After an electrician relocated our outside electrical service box, I had small area of siding to repair from where the old box was located.

As I had scraps of the vinyl siding, I went to work and after taking the damaged portions down immediately noticed what appeared to be cardboard from boxes under the siding.

This is a 1963 built house in the Midwest, and only my second home so I’m pretty new to many things. We purchased the house from the flipper and have hit other issues so I’m wondering if this is the last straw.

Anyone have any idea why a siding person would put cardboard underneath vinyl siding? I’m attaching some pictures to this post. From what I can tell there is masonite underneath the cardboard. My fear is this is under the entire house.

Thanks in advance ..

Frustrated new home owner


----------



## Tom Struble (Dec 29, 2008)

looks like he was trying to level out the wall,other parts of the house may have a foam underlayment and they ran out, then the cheap ----- used the boxes the siding came in,that's pretty shameful right there,i could see using it in small amounts as a shim but...


----------



## racebum (Mar 8, 2010)

shady yes, but, before you tear your house apart just how long has the siding been there? if you have no problems as of yet i would leave it be until you're given a reason to tear it off.


----------



## MJW (Feb 7, 2006)

tomstruble said:


> looks like he was trying to level out the wall,other parts of the house may have a foam underlayment and they ran out, then the cheap ----- used the boxes the siding came in,that's pretty shameful right there,i could see using it in small amounts as a shim but...

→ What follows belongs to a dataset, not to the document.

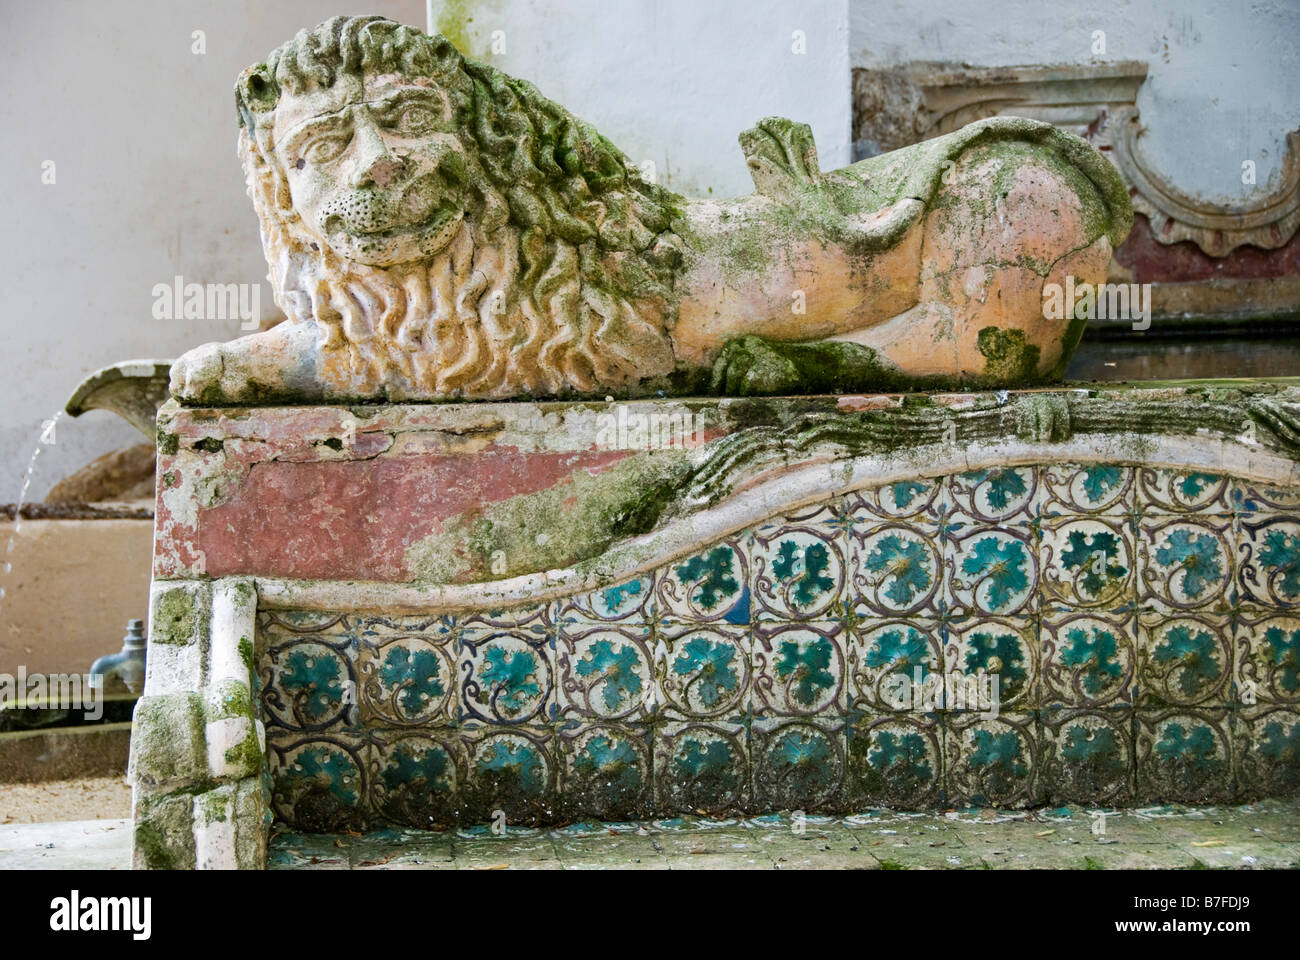 Dans le jardin du Palais national (Palais national), Sintra, Portugal. Un siège décoré de tuiles (azulejos) avec une sculpture de lion Banque D'Images

Who is the cheapo???? The sider or the flipper???? or both?

Should be illegal.


----------



## phage (Jul 18, 2010)

*time to inspect some more*

Thanks for the responses guys! It pretty much confirmed what I suspected.

At this point I'm not sure when the siding was done, but based on some other problems I wouldn't put it past the flipper.

I'm planning on spot checking the front and sides to see if it has foam like it should or more cardboard. Perhaps he just got cheap on the rear of the house.


----------